Thanks very much for the info. time trials are way out of my league so l didn't have a clue about them. I don't know what the asking price is but if it is reasonable l might buy them just for curiosities sake 
I suppose l would then be tempted to go in search of Mavic "bullhorns" and l bet the prices would be eye watering !!


----------



## Cycleops (30 Jan 2022)

No idea but have a look at this TT bike on a recently posted thread to figure out where they might fit:
Thread 'Advice on a bike (Felt B12 2013)' https://www.cyclechat.net/threads/advice-on-a-bike-felt-b12-2013.283011/


----------



## MichaelW2 (30 Jan 2022)

Some TT brakes fit behind the fork. Thry use 2 pivots and operate like mini V brakes with cable pulling horizontally. They use a noodle like a V brake.


----------



## woodbutchmaster (30 Jan 2022)

Just had a quick look at LBCoin and saw this for €165


----------



## Cycleops (30 Jan 2022)

If the bars don't suit you it could be converted back to a road bike very easily. All you'd need would be road bars and shorter stem.


----------



## woodbutchmaster (30 Jan 2022)

LittleWheelsandBig said:


> When using non-aero brake levers, they guided the brake cables inside the Mavic bullhorn bars. The Mavic bars were drilled near the stem to let the brake cable out.
> 
> https://velobase.com/ViewComponent.aspx?id=84dd8973-4c61-4321-afb7-208c9f86e4e1
> 
> https://velobase.com/ViewComponent.aspx?ID=c323748d-e47d-4c7b-9391-a1ddaa409fb4&Enum=103


Believe it or not l have seen a set of Mavic "bullhorn" bars for sale , a bit scruffy and the Mavic yellow logos are a bit faded.
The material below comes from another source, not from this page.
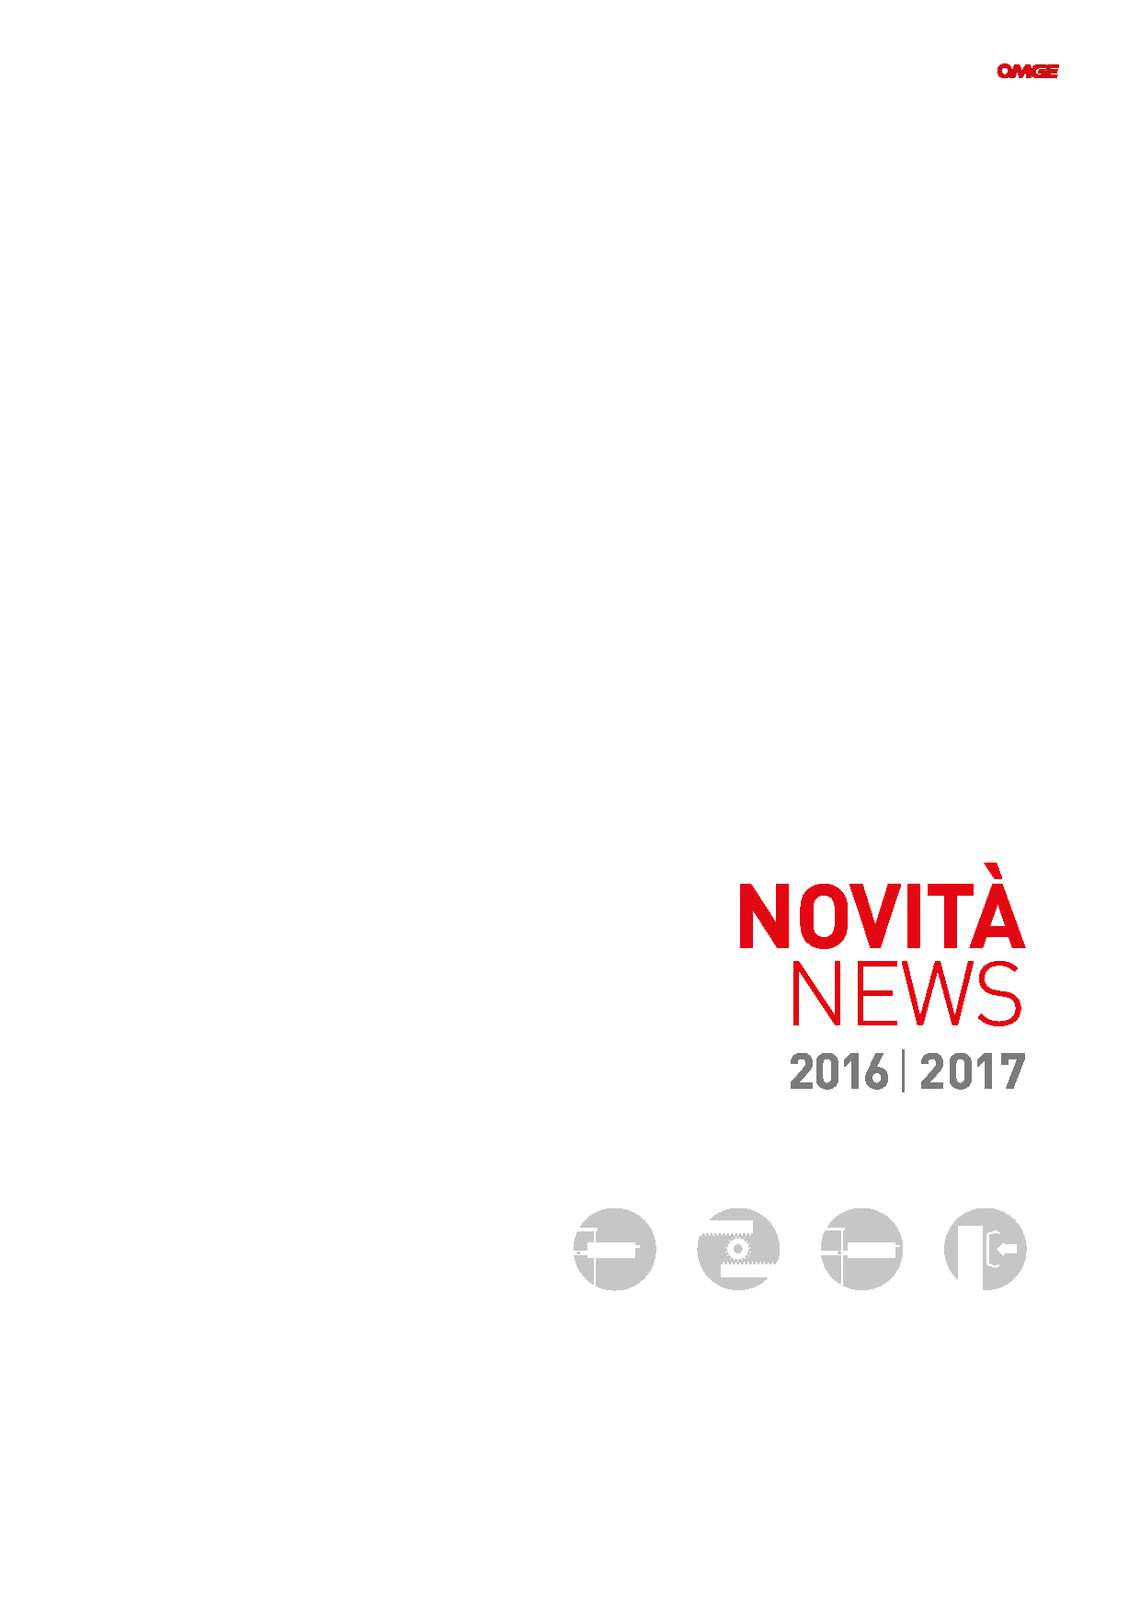 news-20162017_134_002.jpg

The only thing that isn't faded is the asking price €200 .... l think l will forget the whole project


----------



## HLaB (30 Jan 2022)

woodbutchmaster said:


> View attachment 628804
> 
> Ok so this is the item , but l have no idea what they are used for


They are to route the brake cable to the brake arm.


----------



## woodbutchmaster (30 Jan 2022)

HLaB said:


> They are to route the brake cable to the brake arm.


Gotcha , l bought them just for curiosity sake , l will probably sell them on at some point


----------



## jhonrichard (2 Mar 2022)

woodbutchmaster said:


> Gotcha , l bought them just for curiosity sake , l will probably sell them on at some point


Thanks, man for telling us


----------